REQUIREMENT: Copy the listing in full and exactly, omitting its images.

DATASET EXTRACT:
....

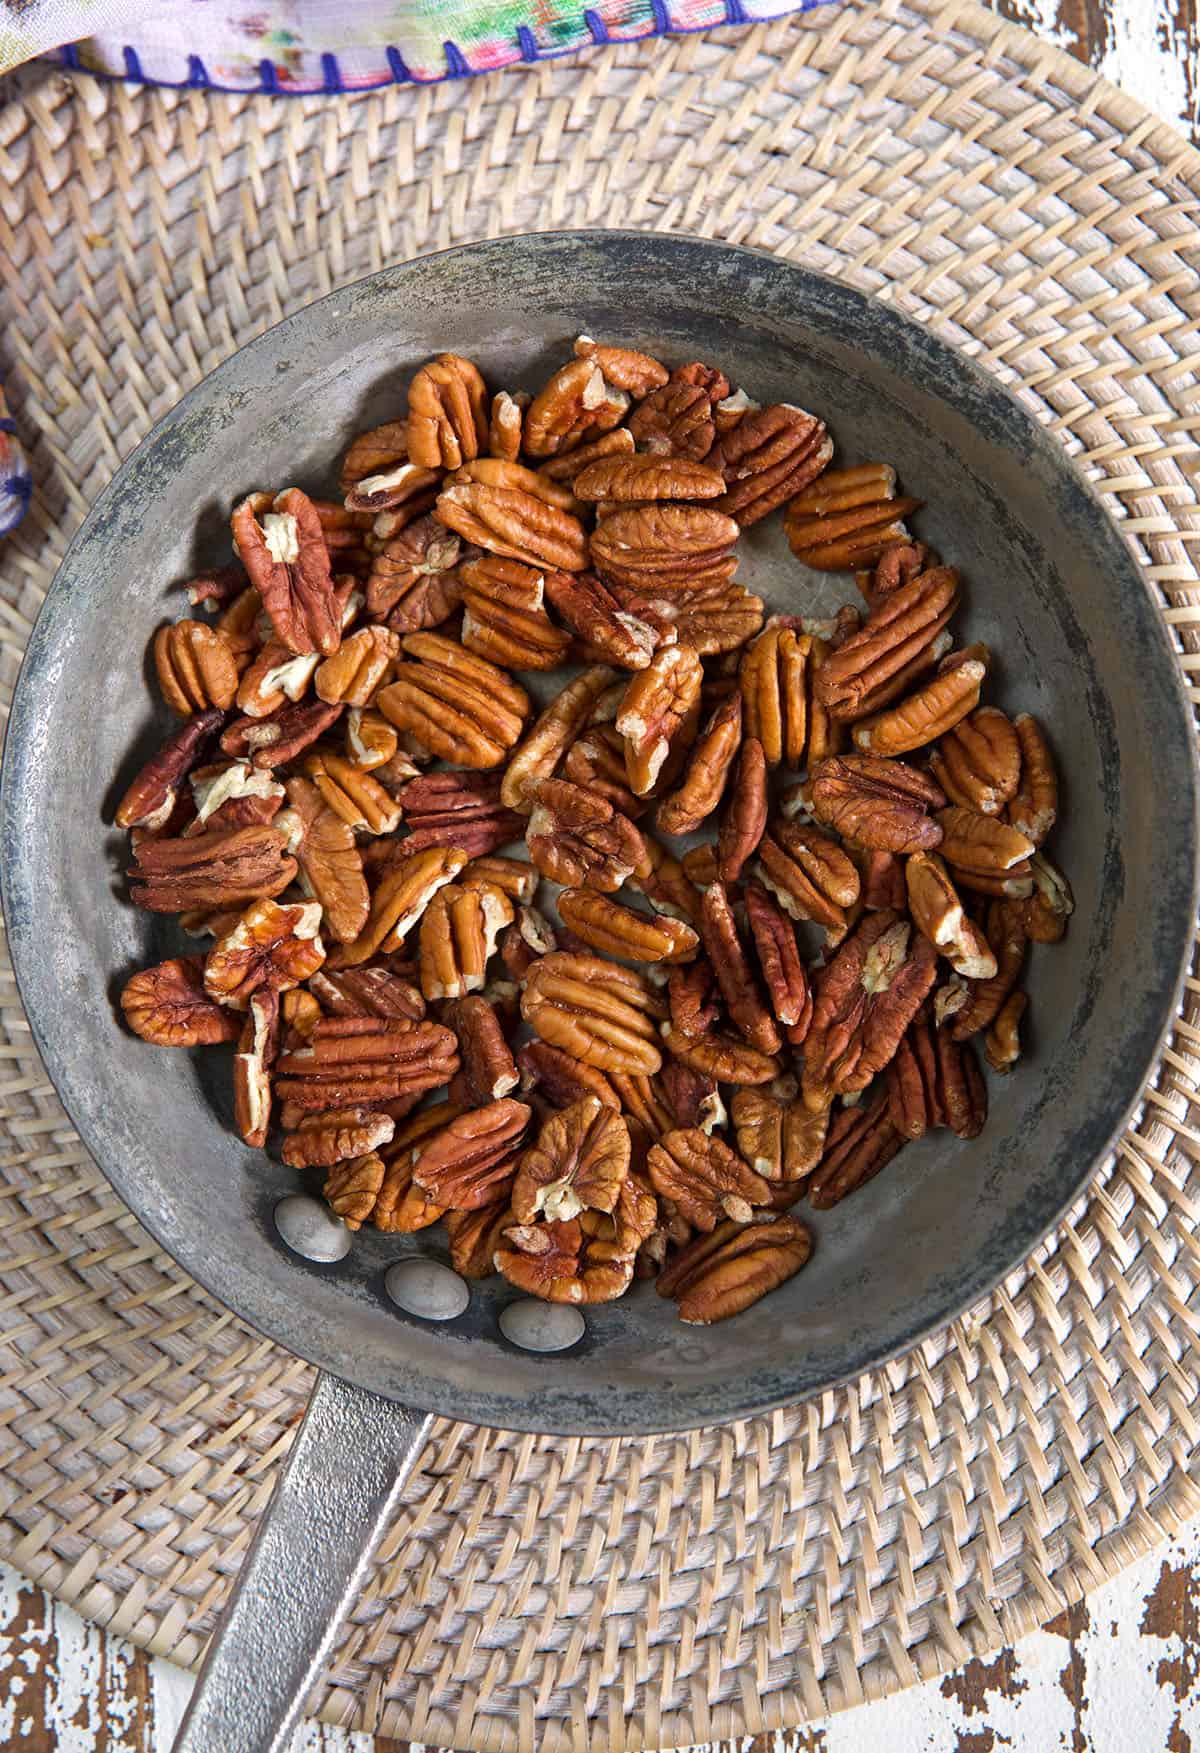 Pecans are toasted in a gray skillet.
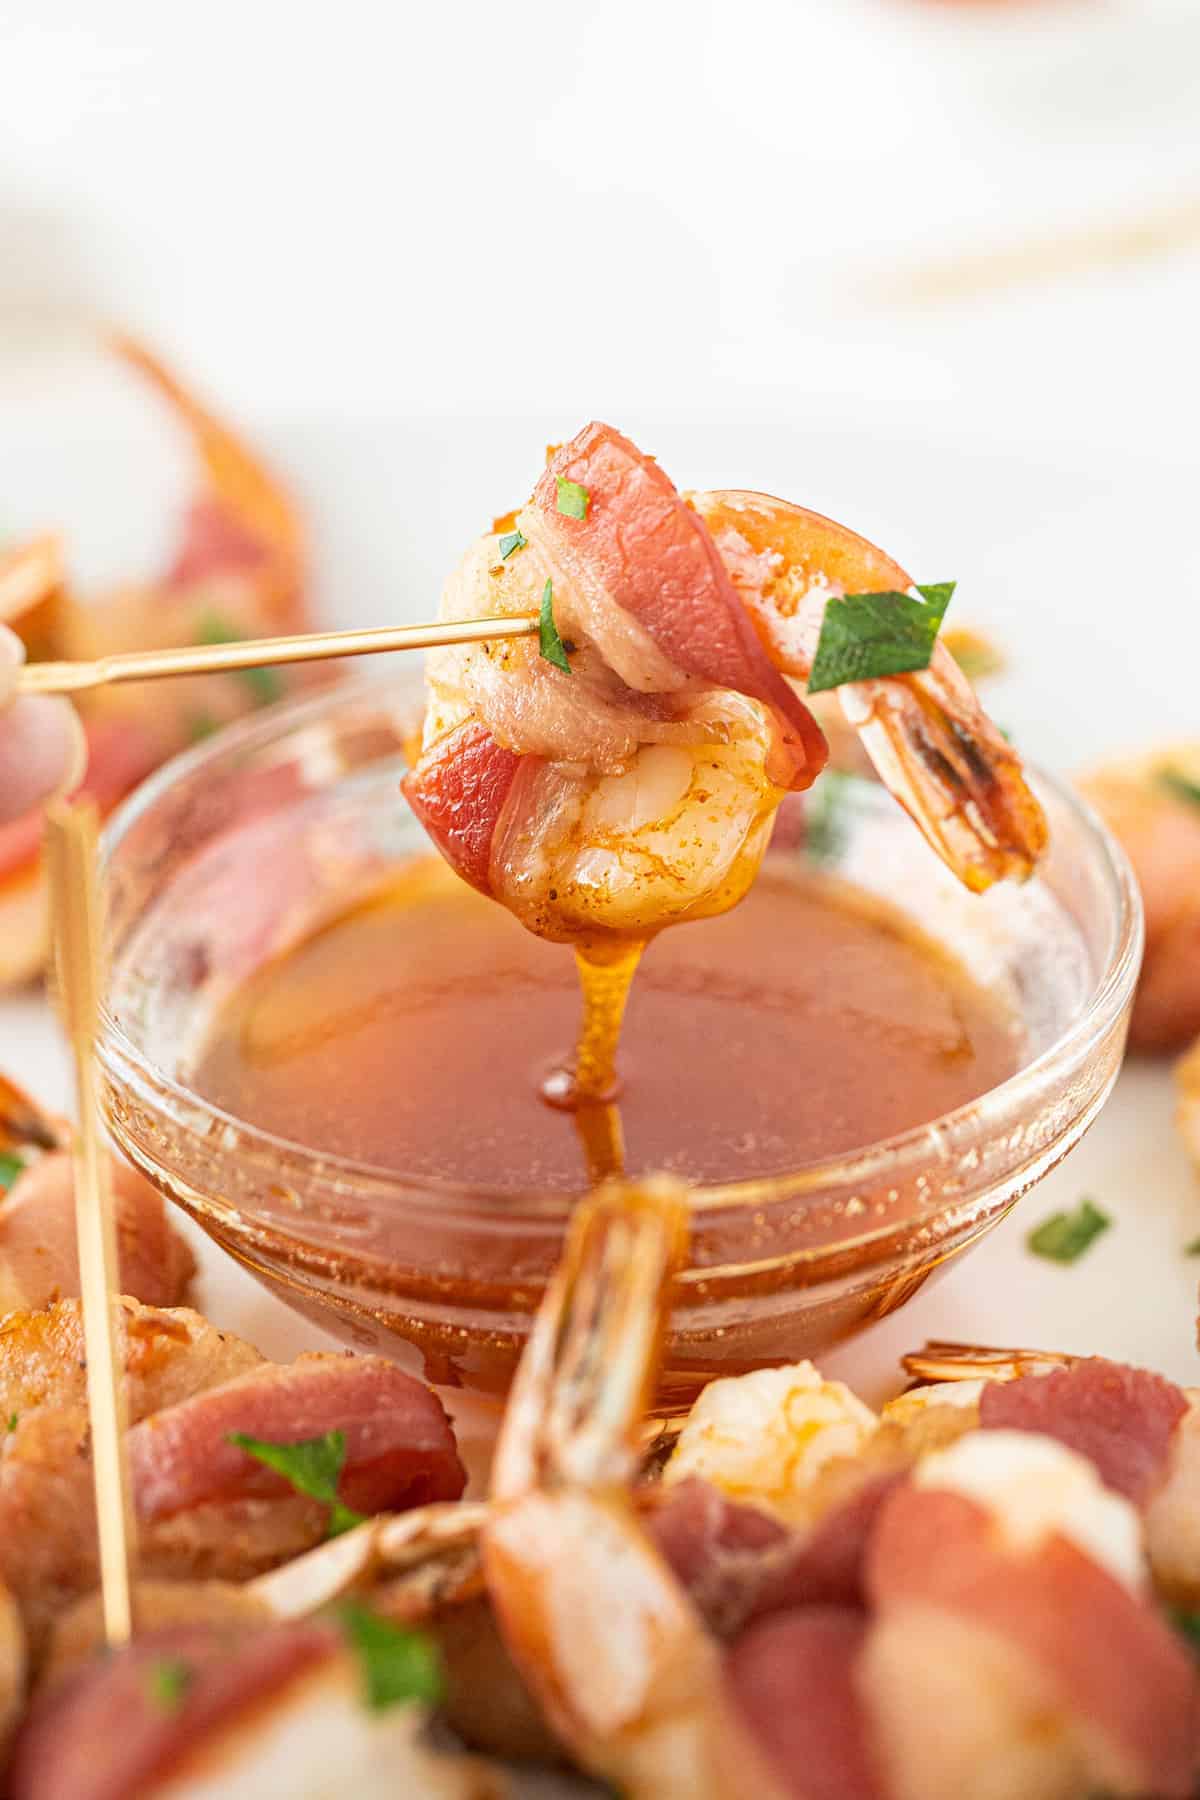 https://www.thekitchenmagpie.com/wp-content/uploads/images/2021/10/baconwrappedshrimpinsauce.jpg
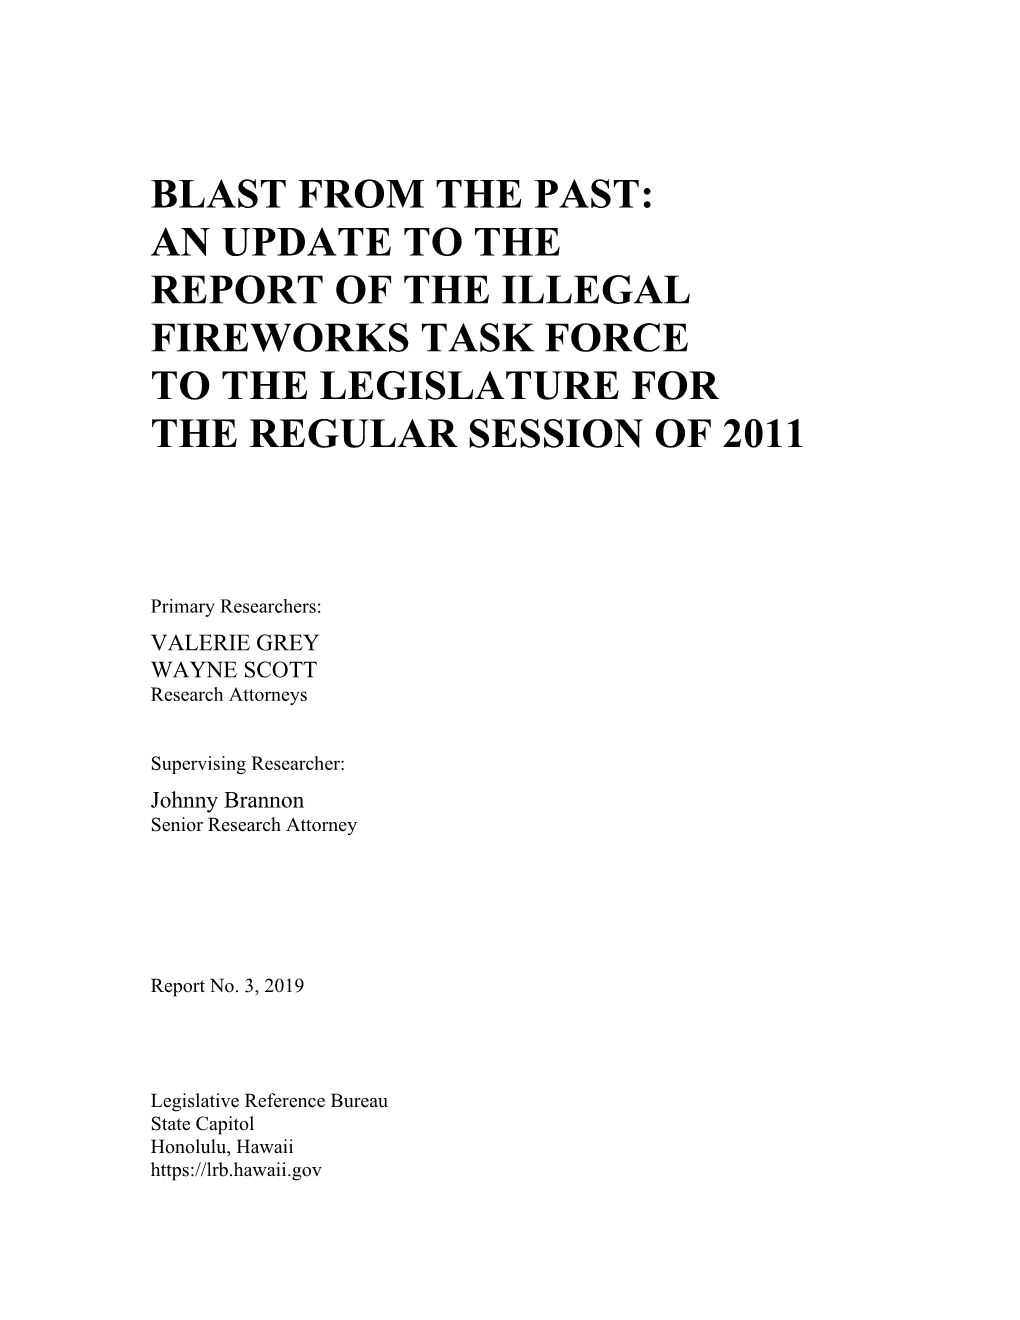 Blast from the Past: an Update to the Report of the Illegal Fireworks Task Force to the Legislature for the Regular Session of 2011

....

ANSWER TO THE PROBLEM:
 Pecans are toasted in a gray skillet.
 https://www.thekitchenmagpie.com/wp-content/uploads/images/2021/10/baconwrappedshrimpinsauce.jpg
 Blast from the Past: an Update to the Report of the Illegal Fireworks Task Force to the Legislature for the Regular Session of 2011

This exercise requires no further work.